Abuse in childhood and risk of uterine leiomyoma: the role of emotional support in biologic resilience
- PMID: 21068667
- PMCID: PMC4010091
- DOI: 10.1097/EDE.0b013e3181ffb172
Abuse in childhood and risk of uterine leiomyoma: the role of emotional support in biologic resilience
Abstract
Background: Childhood adversities are associated with adult health. We hypothesize that exposure to physical and sexual abuse in childhood and adolescence will be associated with incidence of clinically symptomatic uterine leiomyomas (fibroids) through influences on health behaviors and reproductive hormone regulation.

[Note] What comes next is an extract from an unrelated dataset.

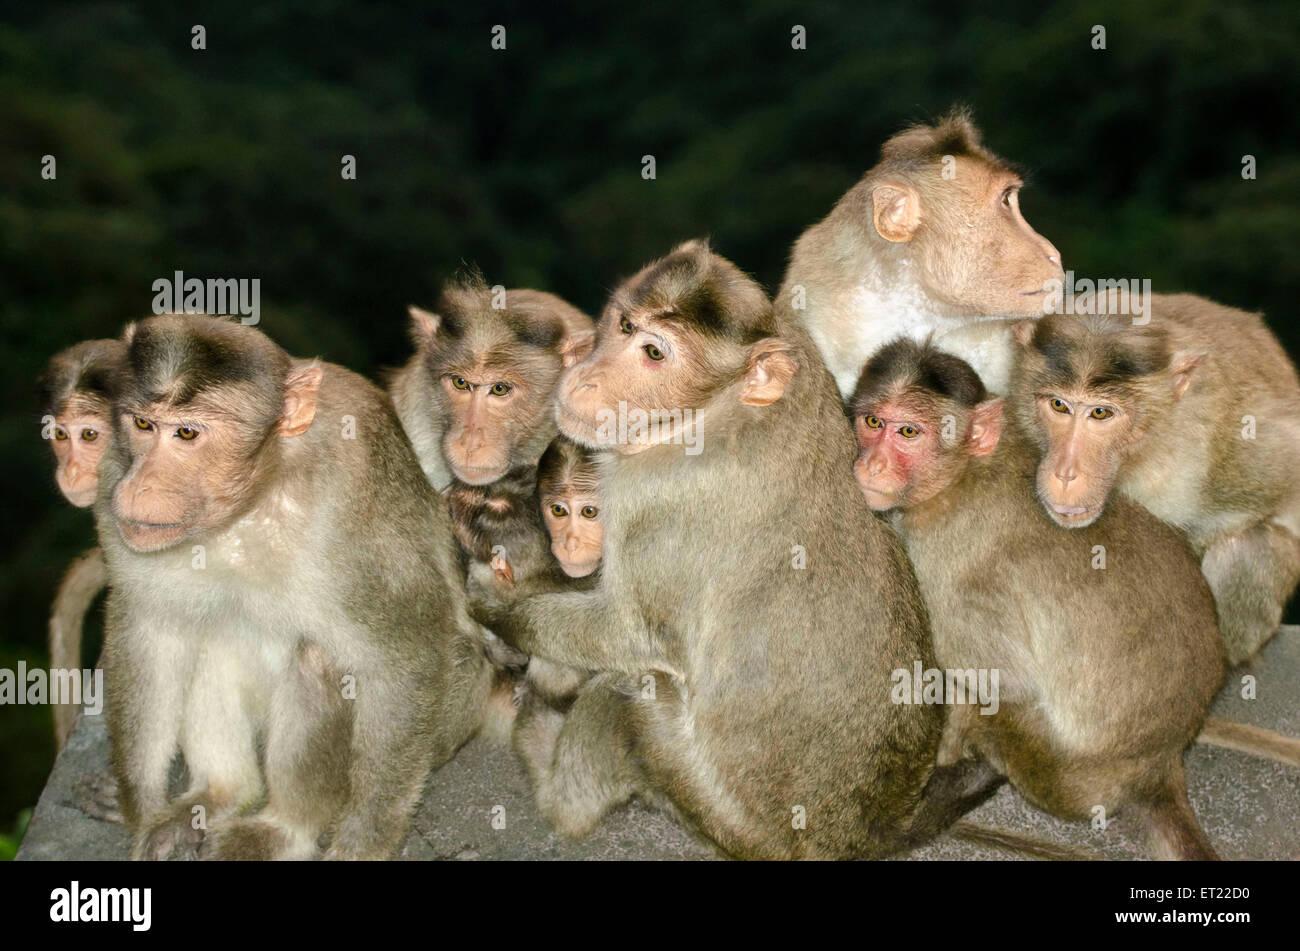 Bonnet macaques Macaca radiata Kolhapur Maharashtra India Asia - Stock Image

Methods: Participants included 68,505 women enrolled in the Nurses' Health Study II, an ongoing prospective cohort study of premenopausal women from 14 US states aged 25-42 years at enrollment (1989), who completed a retrospective questionnaire on childhood violence exposure (2001). A cumulative indicator of severity and chronicity of child/teen violence exposure was derived using factor analysis. We used a Cox proportional-hazards model to estimate the incidence rate ratios (IRRs) and 95% confidence intervals (CIs).
Results: During the 728,865 woman-years of follow-up (1989-2005), 9823 incident diagnoses of ultrasound- or hysterectomy-confirmed uterine leiomyomas were reported; 65% reported any physical or sexual abuse. A dose-response association between cumulative abuse and fibroid risk was found. Compared with those who reported no abuse, multivariable IRRs for ultrasound or hysterectomy-confirmed uterine leiomyomas were 1.08 (95% CI = 1.03-1.13), 1.17 (1.10-1.24), 1.23 (1.14-1.33), 1.24 (1.10-1.39), and 1.36 (1.18-1.54), for cumulative exposures ranging from mildest to most severe. Increased emotional support in childhood also attenuated associations.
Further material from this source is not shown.